Senator COLLINS (Minister for Transport and Communications) —by leave—I will not detain the Senate very long. Frankly, I think it is about time that this whole matter was dropped, because it is ridiculous for an opposition that says it is concerned about the central policy issue of pay television to have now been running on this for three days. I would never have even entered into the debate if it had not been for the statement carried on the front page of the Australian last Friday quoting Senator Alston quoting me. If Senator Alston now wants to say that the Australian quote is inaccurate, let him do so.

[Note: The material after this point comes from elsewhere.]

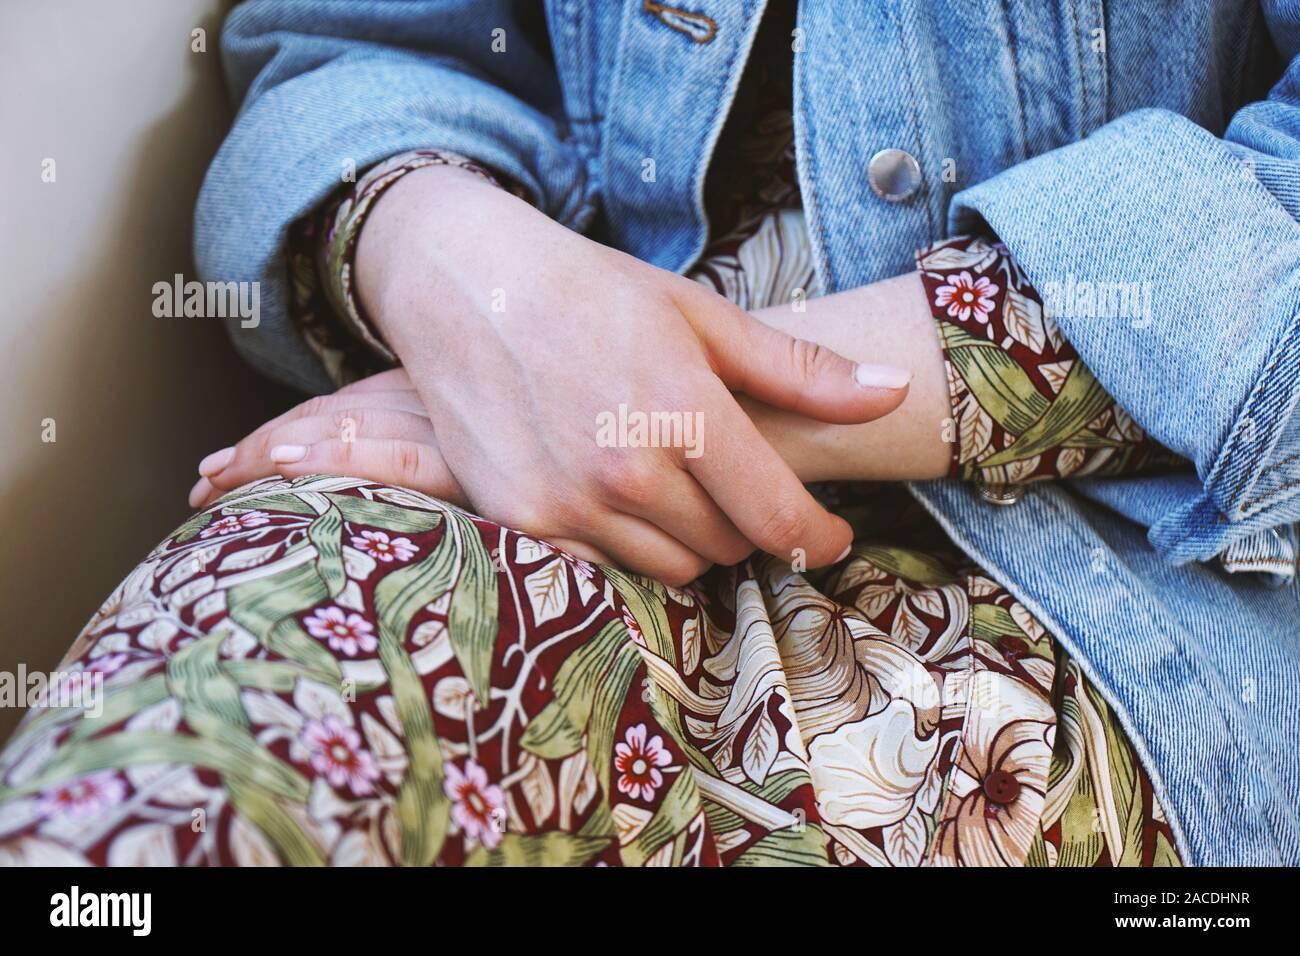 La sezione centrale della giovane donna che indossa il denim camicia al di sopra gli abiti estivi con motivo floreale - close-up di mani femminili ripiegato nel suo giro Foto Stock

  I invite honourable senators to look at the record. Last week Senator Alston met—and the only thing I know about this meeting is what I saw in the press, both on television and in the newspaper—with Senator Bourne of the Australian Democrats to discuss setting up a Senate inquiry.

Senator Alston —Mr President, I raise a point of order. I am loath to intrude, but as I understand it the Minister has sought leave to make a personal explanation.

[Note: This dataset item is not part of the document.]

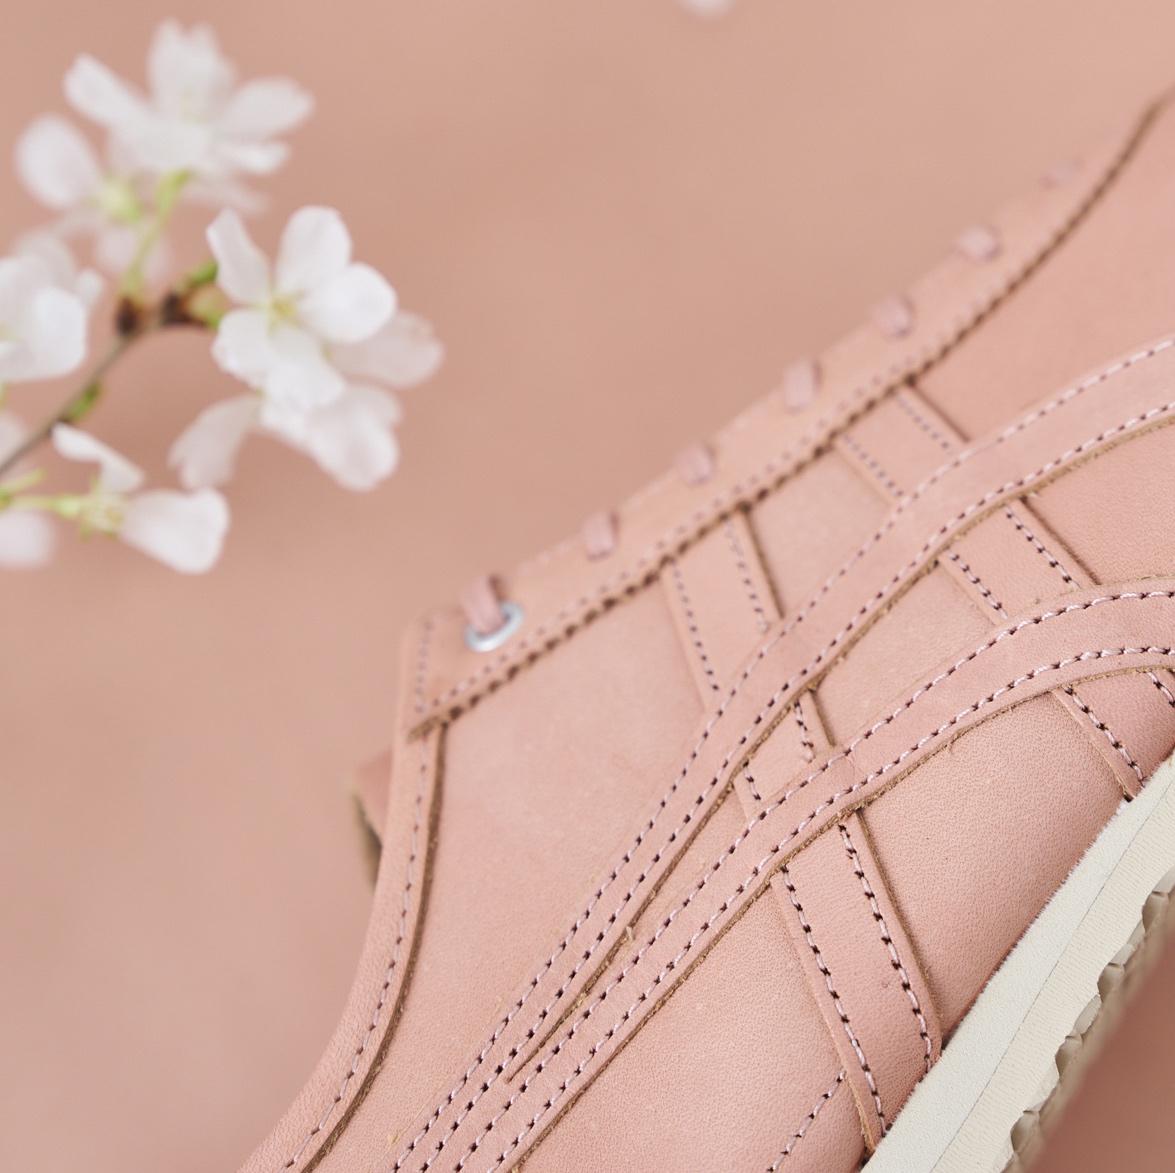 「本物の桜から作った」オニツカタイガーの新作スニーカー

Senator COLLINS —I can say anything I like.

Senator Alston —So he is just at large once again to vilify and defame anyone on any basis.

The PRESIDENT —He sought leave to make a short statement.

Senator COLLINS —I am not as large as I was; look at this. Considering that I use food as a crutch, I am not doing too badly at the moment—still down to one lettuce leaf a day.

Senator Crichton-Browne —How much have you lost, Bob?

Senator COLLINS —Seventeen kilos. That will be the story for today. Senator Alston met with Senator Bourne last week for a couple of minutes to talk about a Senate inquiry. Senator Alston went out, told the press gallery—and it was published—that the Democrats had just agreed to support the Opposition's call for a Senate inquiry. I noticed that—I paid some attention to it—and said, `Oh'.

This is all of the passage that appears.